JPS6253092B2 - - Google Patents

Description

DETAILED DESCRIPTION OF THE INVENTION The present invention relates to an audio packet decoding method that can easily reproduce high-quality audio.

In recent years, systems have been proposed in which audio is digitized using the PCM method, etc., and further converted into packets, which are transmitted and received via a packet switching device. When audio is transmitted in the form of packets, it is common to use a method in which only voiced sounds are transmitted as packets in order to increase transmission efficiency or reduce the amount of processing required by the packet switching system. In this case, it is necessary for the sending side to notify the receiving side of the presence or absence of a silent section, its length, etc., but in the conventional method, the sending side first forms the audio into audio blocks at predetermined intervals, regardless of whether or not there is sound. At the same time, a serial number is sequentially assigned to each audio block, and then it is determined whether each audio data block has sound or no sound, and only those with sound are sent out as audio packets.On the other hand, on the receiving side, the serial numbers assigned with the serial numbers are A method was used in which audio packets were demodulated and reproduced in that order, and silence was generated for packets corresponding to missing numbers. In this method, a buffer memory is provided on the receiving side, and means is provided to search for a packet with a specific serial number among the packets stored in the buffer memory.
This requires a control device with sophisticated logical judgment functions, such as means for searching for packets corresponding to missing numbers among the serial numbers, and this type of function usually cannot be realized with simple hardware alone.

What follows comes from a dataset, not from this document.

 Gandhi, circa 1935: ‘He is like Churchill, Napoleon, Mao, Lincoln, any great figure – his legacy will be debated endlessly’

The present invention has been made in view of the above-mentioned drawbacks, and includes means for receiving silent interval information, active voice data, and a write control signal from a packet receiving device, and storing the silent interval information and voice data. means for specifying a write address to the storage means, means for specifying a read address from the storage means, means for generating silence according to silence interval information from the storage means, and the write address designation means. means for detecting that the reading address specifying means specifies the same address; means for controlling such that silence is generated when there is an output from the detecting means; and silent interval information received when there is an output from the detecting means. By converting to a constant value and creating new silent interval information, the above-mentioned drawbacks are eliminated, and economical audio is easy to design and adjust without requiring software to realize advanced logical judgment functions. It provides a packet decoding method. The present invention will be described in detail below with reference to the drawings.

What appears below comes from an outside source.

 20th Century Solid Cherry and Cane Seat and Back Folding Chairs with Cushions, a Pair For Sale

FIG. 1 is a block diagram showing an embodiment of a decoding device according to the audio packet decoding method of the present invention. In the figure, VD is active audio data, DIF is silent interval information, WP is a write control signal, CTL is a control circuit, M is a memory, WG is a write gate, WAC is a write address counter, RAC is a read address counter, D is the identification circuit, CLK is the clock circuit, DET is the detection circuit, BUF is the buffer circuit,
DEC is the decoder, VF is the original audio signal, OR is the OR circuit, 10 is the AND circuit, 11 is the data line, 12 is the data line, 13 is the write address counter WAC
14 is the read address signal that is the output of the read address counter RAC, 15 is the output line, 16 is the output line, 17 is the control line, 18 is the increment clock signal, 19 is the OR circuit OR 20 is a write/read control signal for audio data in the memory M, 21 is a write/read control signal for silent section information in the memory M, and 22 is a control signal for the write gate WG to convert the silent section information into a constant value. 23 is a step control signal for the write address counter WAC of memory M, 2
4 is a read address update prohibition signal based on the silent interval information output from the identification circuit D, and 25 is an address match signal output by the detection circuit DET when the write address signal 13 and the read address signal 14 match.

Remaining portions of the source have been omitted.